154 ThreadedNmap expects threads
155
156 Returns:
157 luigi.Task - ThreadedNmap
158 """
159 args = {
160 "rate": self.rate,
161 "ports": self.ports,
162 "threads": self.threads,
163 "top_ports": self.top_ports,
164 "interface": self.interface,
165 "target_file": self.target_file,
166 }
167 return ThreadedNmap(**args)
168
169 def output(self):
170 """ Returns the target output for this task.
171
172 Naming convention for the output folder is TARGET_FILE-searchsploit-results.
173
174 The output folder will be populated with all of the output files generated by
175 any searchsploit commands run.
176
177 Returns:
178 luigi.local_target.LocalTarget
179 """
180 return luigi.LocalTarget(f"{self.target_file}-searchsploit-results")
181
182 def run(self):
183 """ Grabs the xml files created by ThreadedNmap and runs searchsploit --nmap on each one, saving the output. """
184 for entry in Path(self.input().path).glob("nmap*.xml"):
185 proc = subprocess.run(["searchsploit", "--nmap", str(entry)], stderr=subprocess.PIPE)
186 if proc.stderr:
187 Path(self.output().path).mkdir(parents=True, exist_ok=True)
188
189 # grap the target specifier out of TGT-searchsploit-results/nmap.10.10.10.157-tcp -> i.e. 10.10.10.157
190 target = entry.stem.replace("nmap.", "").replace("-tcp", "").replace("-udp", "")
191
192 Path(
193 f"{self.output().path}/searchsploit.{target}-{entry.stem[-3:]}.txt"

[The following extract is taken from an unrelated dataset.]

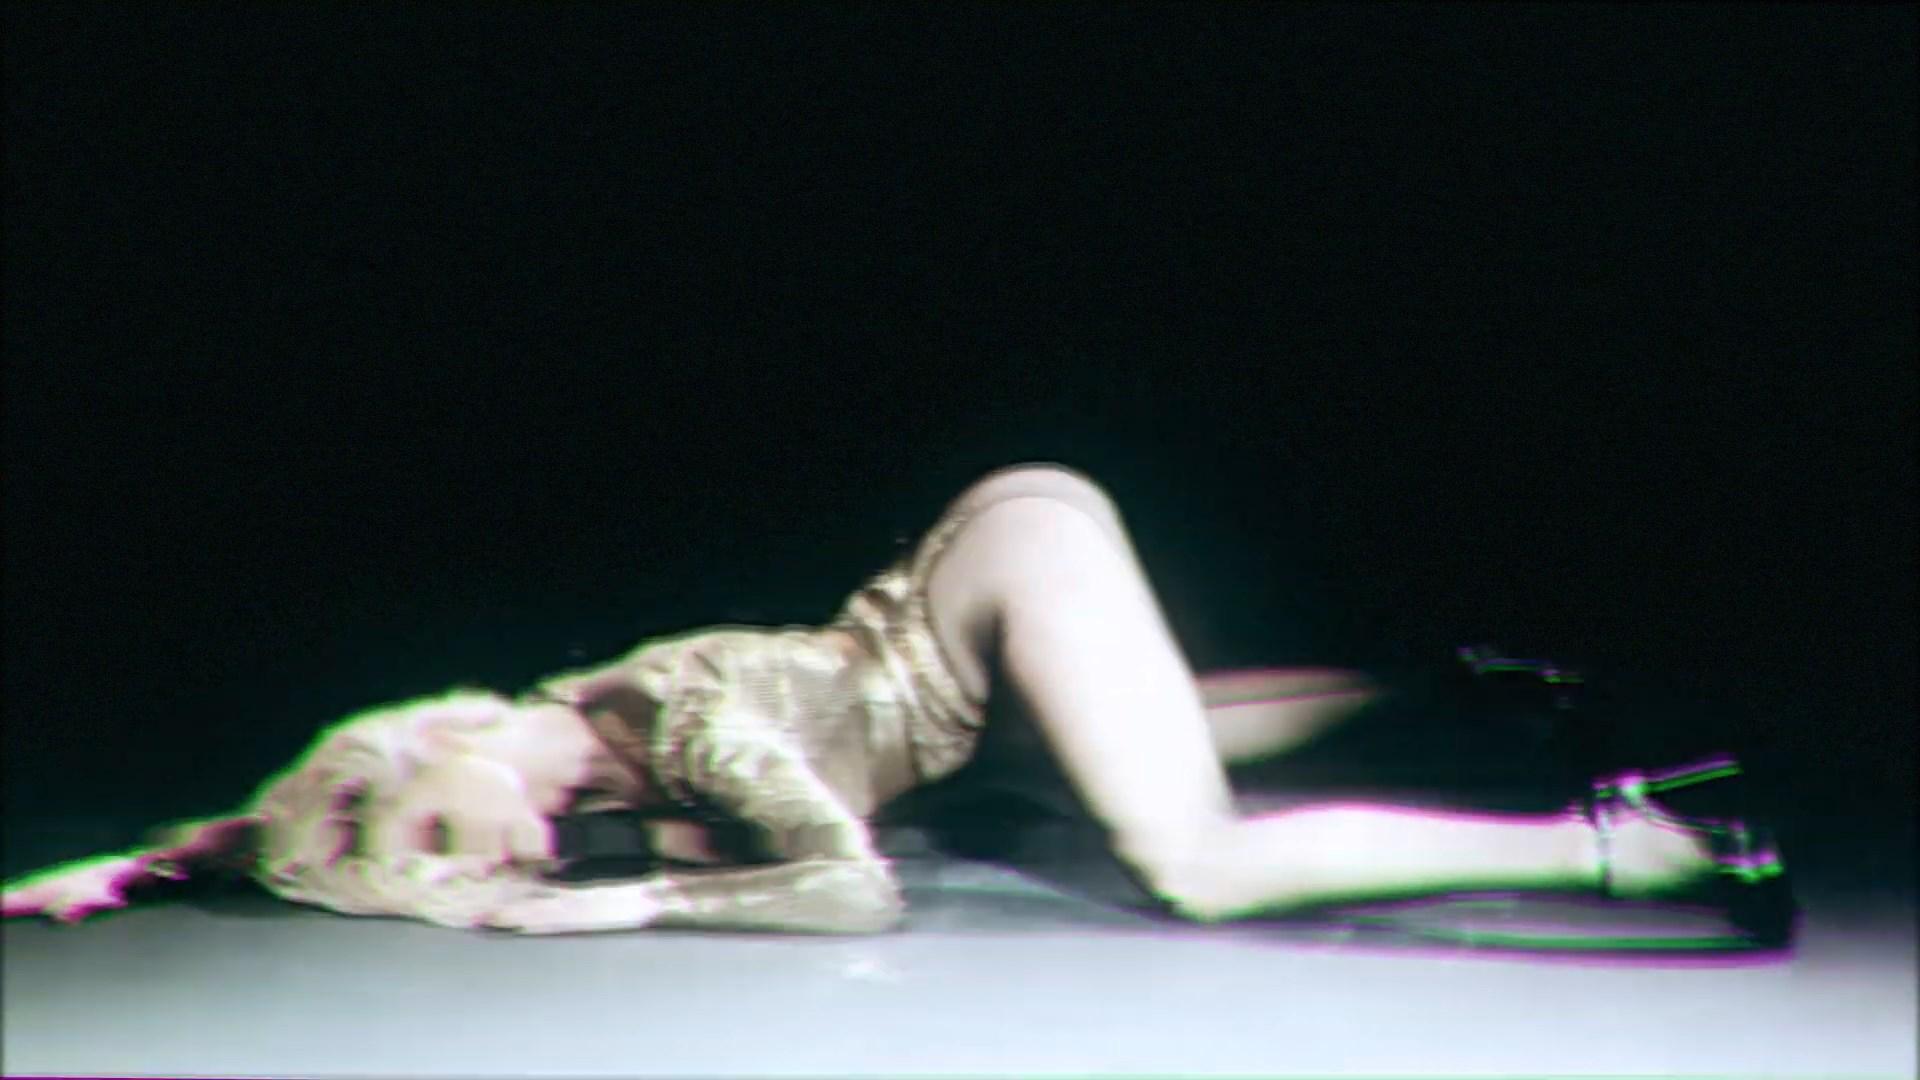 MISHA ROMANOVA - MAKEUP [Премьера клипа].mp4_snapshot_00.21_[2019.04.19_11.46.11].jpg

194 ).write_bytes(proc.stderr)
Before we finish up, we can test out our new addition to the pipeline with the following command.
PYTHONPATH=$(pwd) luigi --local-scheduler --module recon.nmap SearchSploit --target-file htb-targets --top-ports 1000
That wraps things up for this post. In the next installment, we’ll incorporate subdomain enumeration into our pipeline!